Now, you said you have installed a 160-degree thermostat to the mix. You also mentioned that the hesitation seems to be less the warmer the engine gets. This sounds like the engine could be on the lean side, and the cooler the engine runs the more pronounced. MagnaCharger is constantly refining its calibrations with new tuning variations. Your best bet is to contact the company and make sure you have the latest calibration for your vehicle. Also, don't forget to mention you're running the 160 stat. The calibration is based on the engine operating on the factory 195 thermostat; this could be most of your issue. MagnaCharger can bring your Silverado right into line.

Diesel On
Q: I have a '69 Chevelle with a newly built 383 stroker, a 280 Comp Cam camshaft, an Edelbrock Performer RPM intake, an Edelbrock 800-cfm carburetor, Top Line aluminum heads, ACCEL 416 S short header plugs with a 0.045 gap, a Mallory distributor, and timing at total advance of 3,000 rpm at 36 degrees.

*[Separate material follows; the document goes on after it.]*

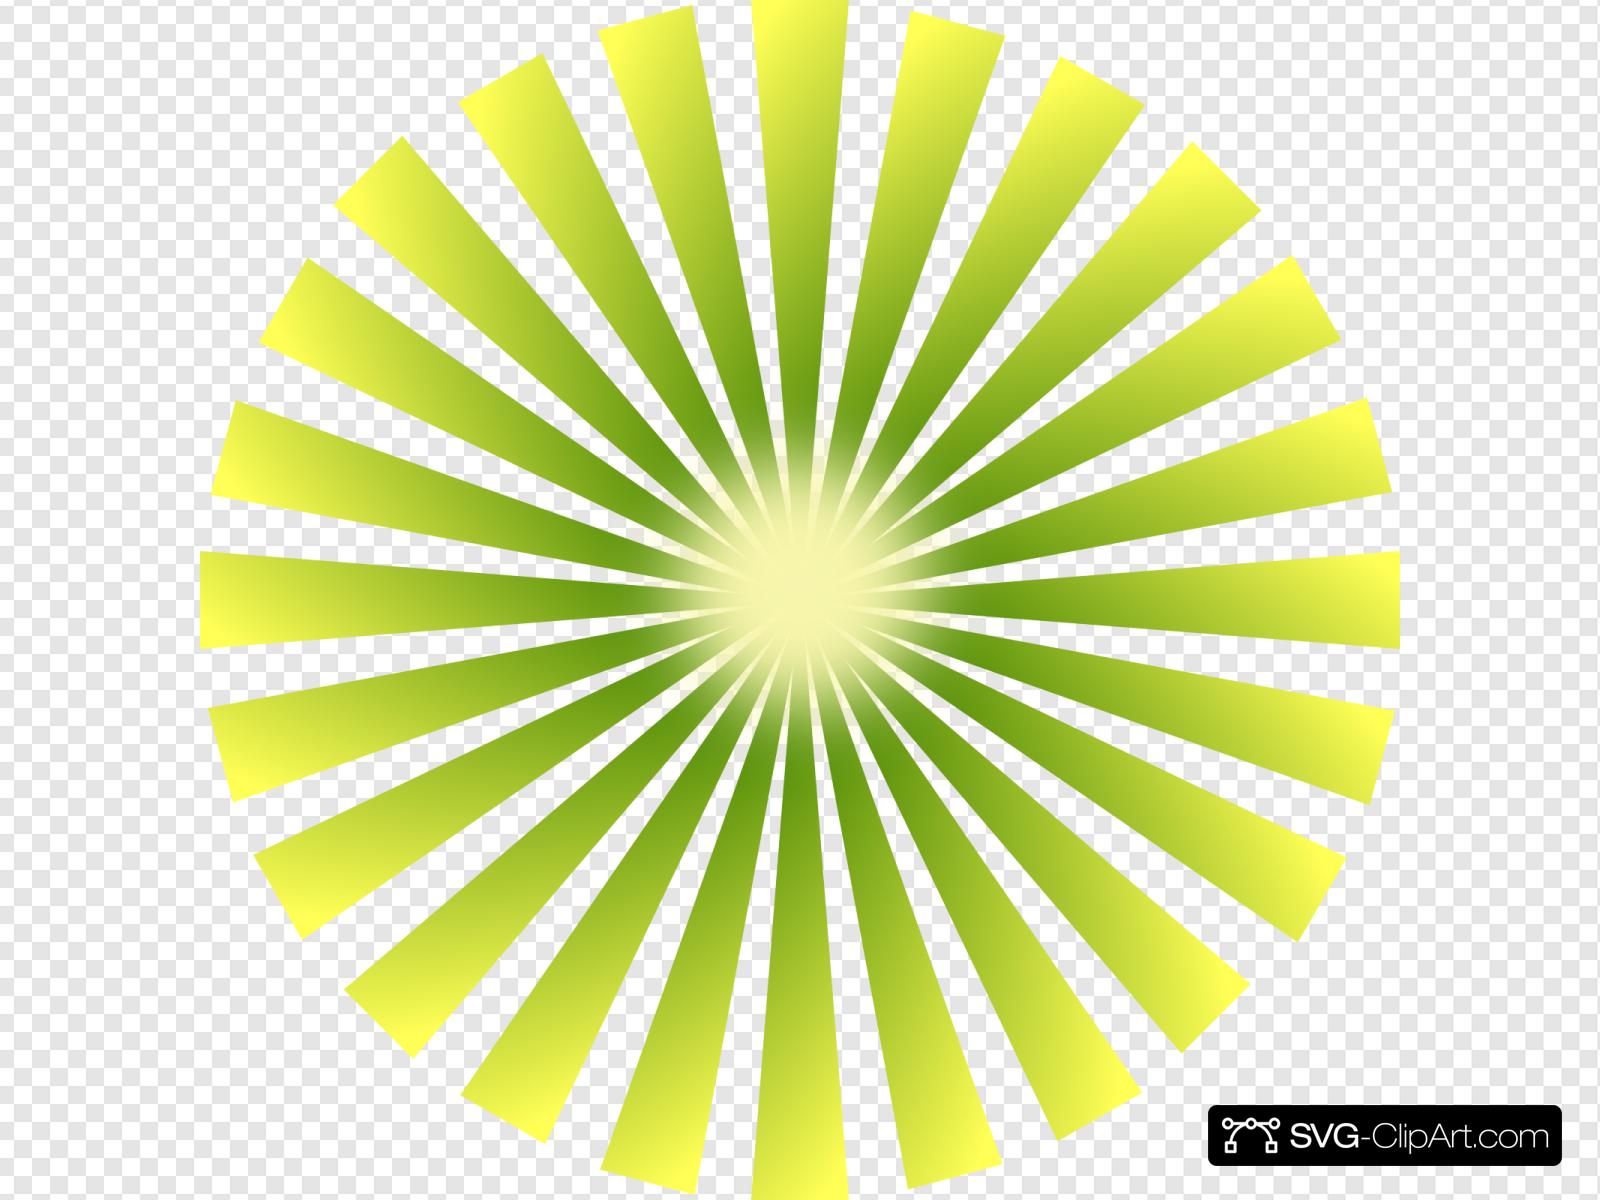 Rays clip art icon. Burst clipart green

The engine runs great, but my problem is that when I turn it off, half the time it diesels. Any suggestions?
Dave Weaver
Via email

A: Dieseling usually comes from combustion chamber heat and a carburetor in which the throttle blades pass too much fuel and air at idle. With your Comp Cams 280 camshaft, you're probably running an idle speed of 800-900 rpm. With the throttle open this far, it's a prime candidate to run on, and on, and on!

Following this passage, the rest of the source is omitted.